Department of Pharmacology and Pharmaceutical Sciences, University of Southern California School of Pharmacy, Los Angeles, USA.
J Control Release. 2013 Nov 10;171(3):269-79. doi: 10.1016/j.jconrel.2013.07.016. Epub 2013 Jul 25.
Sjögren's syndrome (SjS) is a chronic autoimmune disease characterized initially by lymphocytic infiltration and destruction of exocrine glands, followed by systemic organ damage and B-cell lymphoma. Conventional treatment is based on management of symptoms and there is a shortage of therapies that address the underlying causes of inflammation at source exocrine tissue. The aim of this study was to test a novel protein polymer-based platform consisting of diblock copolymers composed from Elastin-like Polypeptides (ELPs) fused with FKBP12, to deliver a potent immunosuppressant with dose-limiting toxicity, rapamycin (Rapa) also known as Sirolimus, and evaluate its effects on the inflamed lacrimal gland (LG) of non-obese diabetic mouse (NOD), a classic mouse model of SjS. Both soluble and diblock copolymer ELPs were fused to FKBP12 and characterized with respect to purity, hydrodynamic radii, drug entrapment and release. Both formulations showed successful association with Rapa; however, the nanoparticle formulation, FSI, released drug with nearly a 5 fold longer terminal half-life of 62.5h. The strong interaction of FSI nanoparticles with Rapa was confirmed in vivo by a shift in the monoexponential pharmacokinetic profile for free drug to a biexponential profile for the nanoparticle formulation. When acutely administered by injection into NOD mice via the tail vein, this FSI formulation significantly suppressed lymphocytic infiltration in the LG relative to the control group while reducing toxicity. There was also a significant effect on inflammatory and mammalian target of Rapamycin (mTOR) pathway genes in the LG and surprisingly, our nanoparticle formulation was significantly better at decreasing a proposed tear biomarker of SjS, cathepsin S (CATS) compared to free drug. These findings suggest that FSI is a promising tool for delivering Rapa for treatment of SjS in a murine model and may be further explored to meet the unmet medical challenge of SjS.
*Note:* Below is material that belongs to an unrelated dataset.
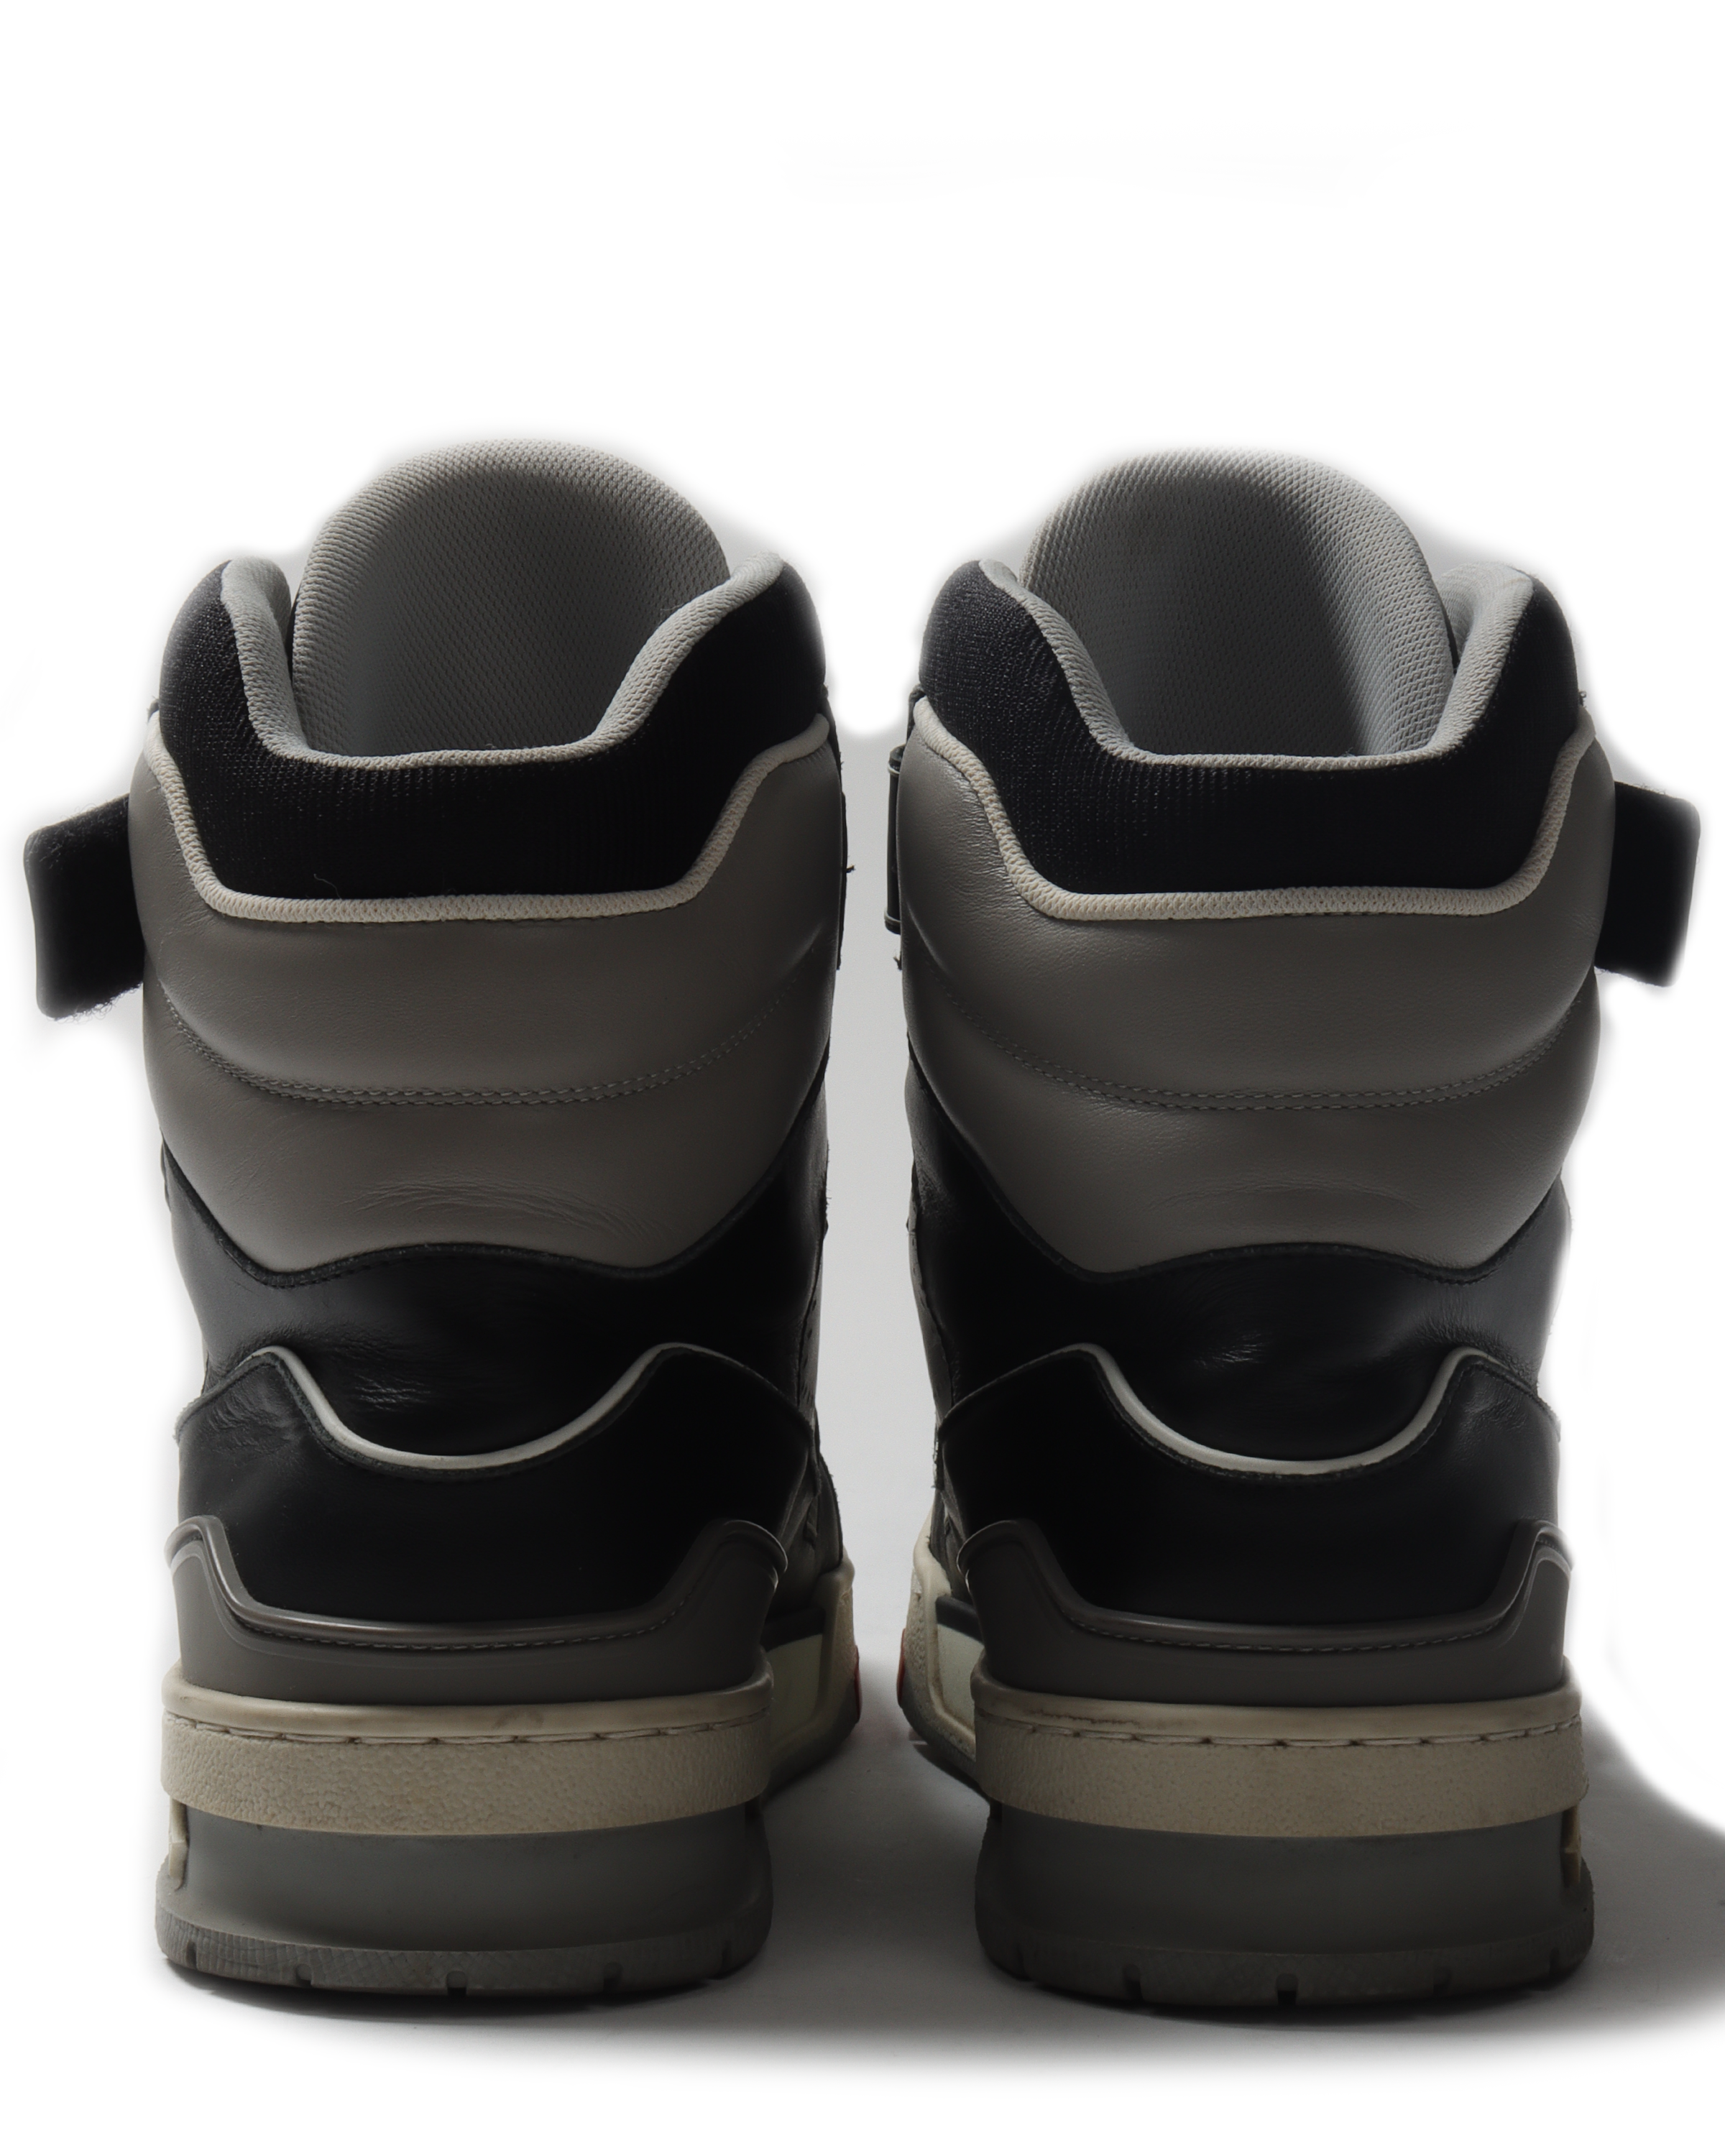 louis vuitton lv trainer sneaker boot black grey

干燥综合征(SjS)是一种慢性自身免疫性疾病,最初表现为淋巴细胞浸润和外分泌腺破坏,随后出现全身器官损伤和 B 细胞淋巴瘤。传统的治疗方法基于症状的管理,缺乏针对外分泌组织炎症根本原因的治疗方法。本研究旨在测试一种新型的蛋白聚合物平台,该平台由弹性蛋白样多肽(ELP)组成的嵌段共聚物组成,融合了 FKBP12,以输送具有剂量限制毒性的强效免疫抑制剂雷帕霉素(Rapa),也称为西罗莫司,并评估其对非肥胖型糖尿病小鼠(NOD)的炎症性泪腺(LG)的影响,NOD 是 SjS 的经典小鼠模型。可溶性和嵌段共聚物 ELP 均与 FKBP12 融合,并对纯度、流体力学半径、药物包封和释放进行了表征。两种制剂均成功地与 Rapa 结合;然而,纳米粒子制剂 FSI 的药物释放半衰期几乎延长了 5 倍,达到 62.5h。体内实验证实了 FSI 纳米粒子与 Rapa 的强相互作用,使游离药物的单指数药代动力学曲线转变为纳米粒子制剂的双指数曲线。当通过尾静脉注射急性给予 NOD 小鼠时,与对照组相比,这种 FSI 制剂显著抑制了 LG 中的淋巴细胞浸润,同时降低了毒性。LG 中的炎症和哺乳动物雷帕霉素靶蛋白(mTOR)通路基因也有显著影响,令人惊讶的是,与游离药物相比,我们的纳米粒子制剂在降低 SjS 的一个拟议的泪液生物标志物——组织蛋白酶 S(CATS)方面效果更显著。这些发现表明,FSI 是一种有前途的工具,可用于在小鼠模型中输送 Rapa 治疗 SjS,并可能进一步探索以满足 SjS 未满足的医疗挑战。